Alloy (wt%) Cu Mg Fe Si Al The tensile strength
(MPa) Yield strength
(MPa) Elongation
(%) Example One 1.01 0.52 0.59 - honey. 120 93 7 2 0.91 1.08 0.55 - honey. 134 96 13 3 1.37 0.51 0.62 - honey. 146 98 14 4 1.34 1.07 0.59 - honey. 172 131 15 5 1.90 0.56 0.62 - honey. 149 113 10 6 1.86 1.07 0.60 - honey. 177 126 11 Comparative Example 7 0.92 0.21 0.97 10.20 honey. 134 120 3 8 2.6 0.5 0.7 - honey. 295 165 27 9 0.1 2.2 0.4 - honey. 195 90 25 10 0.4 1.0 0.7 - honey. 110 50 25

As confirmed in Table 3, the alloys according to Examples 1 to 6 of the present invention, the alloy of Example 1 compared to the conventional Al-Si alloy (ADC 12, Comparative Example 7) widely used as an aluminum alloy for die casting Except for the tensile strength of 134 ~ 177MPa equivalent or above.

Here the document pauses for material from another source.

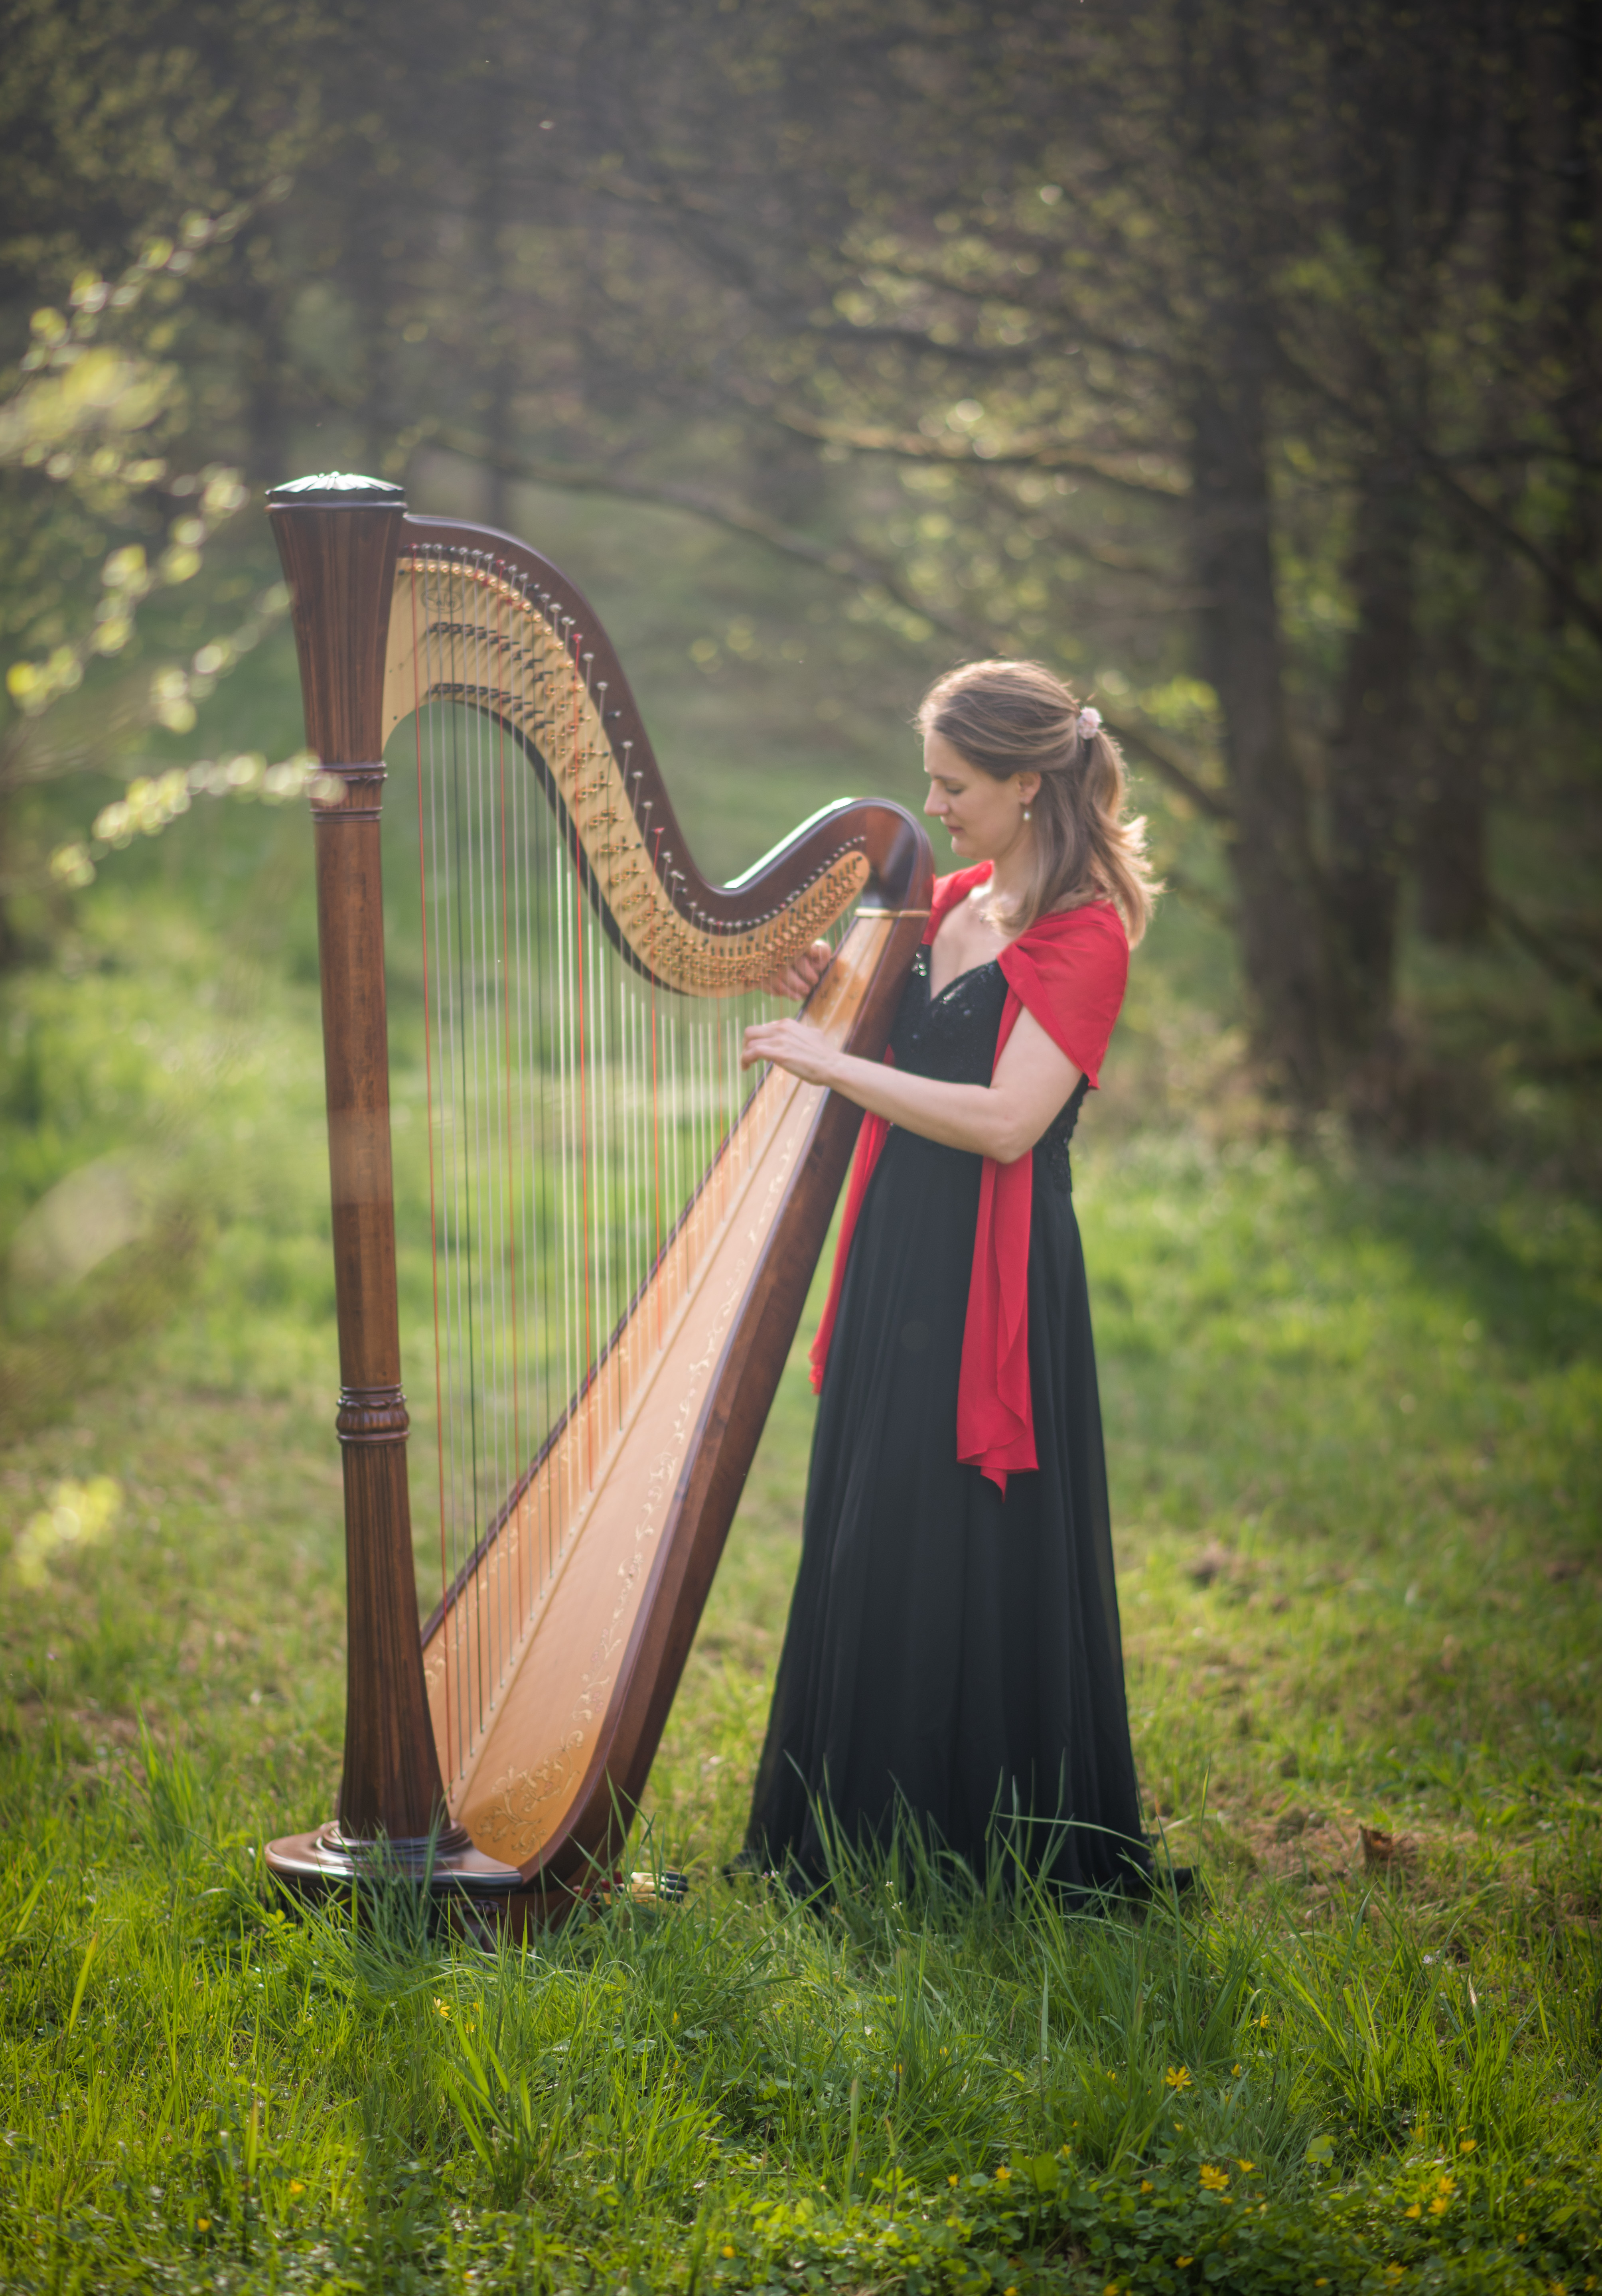 Sonja Fiedler Harfe
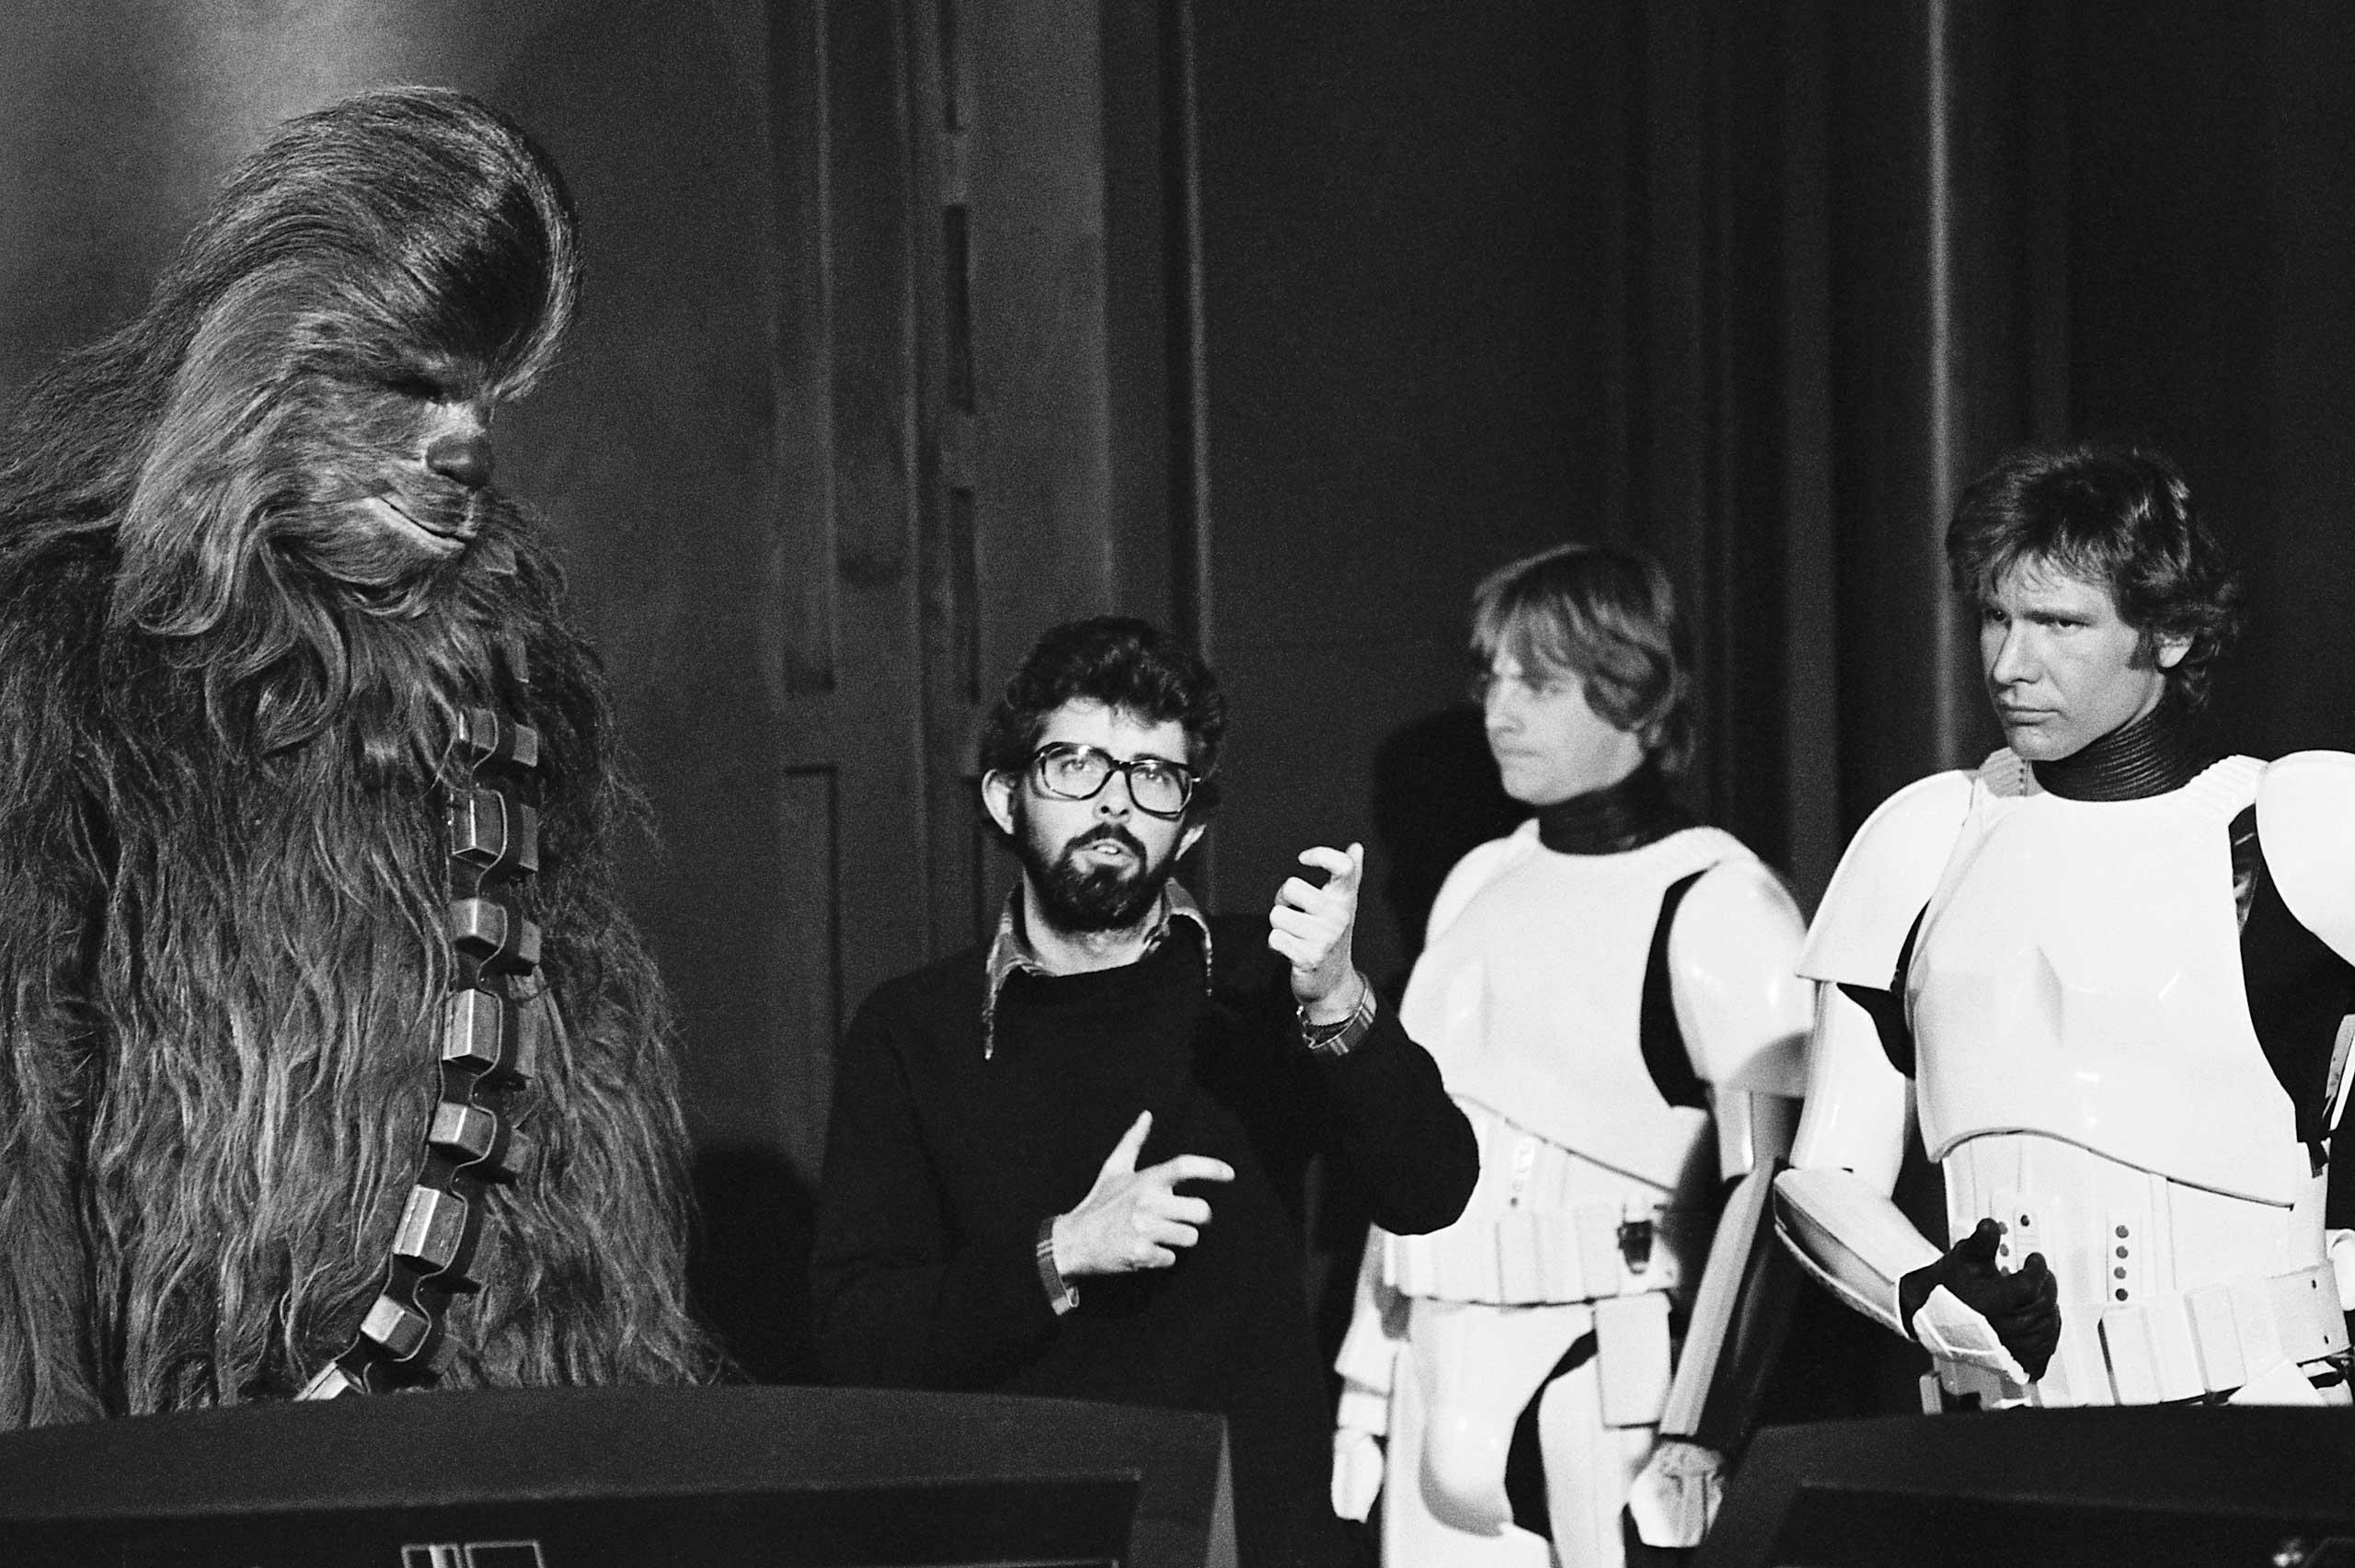 Harrison Ford on Star Wars set

Comparative Example 10 has a copper content of 0.4 wt% lower than that of the embodiments of the present invention. As a result, the thermal conductivity is 180 W / mK, which is higher than the embodiments of the present invention, but the tensile strength is 110 MPa. The tensile strength is lower than that of the

Accordingly, the aluminum alloy according to the embodiment of the present invention can be suitably used as a die-casting aluminum material for heat dissipation parts that require a certain level of mechanical strength and excellent thermal conductivity along with castability of die casting.

Claims (7)

Die-casting aluminum alloy containing 0.8-2.5% by weight of copper (Cu), 0.5-1.5% by weight of magnesium (Mg) and 0.5-1.0% by weight of iron (Fe), with the remainder being aluminum (Al) and unavoidable impurities. The method of claim 1,
Wherein the aluminum alloy has a thermal conductivity of 160 W / mK or more. The method of claim 1,
The tensile strength of the aluminum alloy is die casting aluminum alloy, characterized in that more than 120MPa. The method of claim 1,
The difference between the liquidus temperature (T _L ) and the solidus temperature (T _S ) of the aluminum alloy is 60 ℃ or less and the heat of fusion (H) is die casting aluminum alloy, characterized in that more than 300J / g. The method of claim 1,
The aluminum alloy has a H / ΔT ratio of ΔT (T _L -T _S ), which is a difference between the heat of fusion (H), the liquidus temperature (T _L ), and the solid phase temperature (T _S ), is 5.3 J / g ° C. or more. Die casting aluminum alloy, characterized in that. The method of claim 1,
The copper (Cu) is an aluminum alloy for die casting, characterized in that 1.2 to 2.5% by weight. The method of claim 1,
The thermal conductivity of the aluminum alloy is 170W / mK or more, the tensile strength is die casting aluminum alloy, characterized in that more than 145MPa.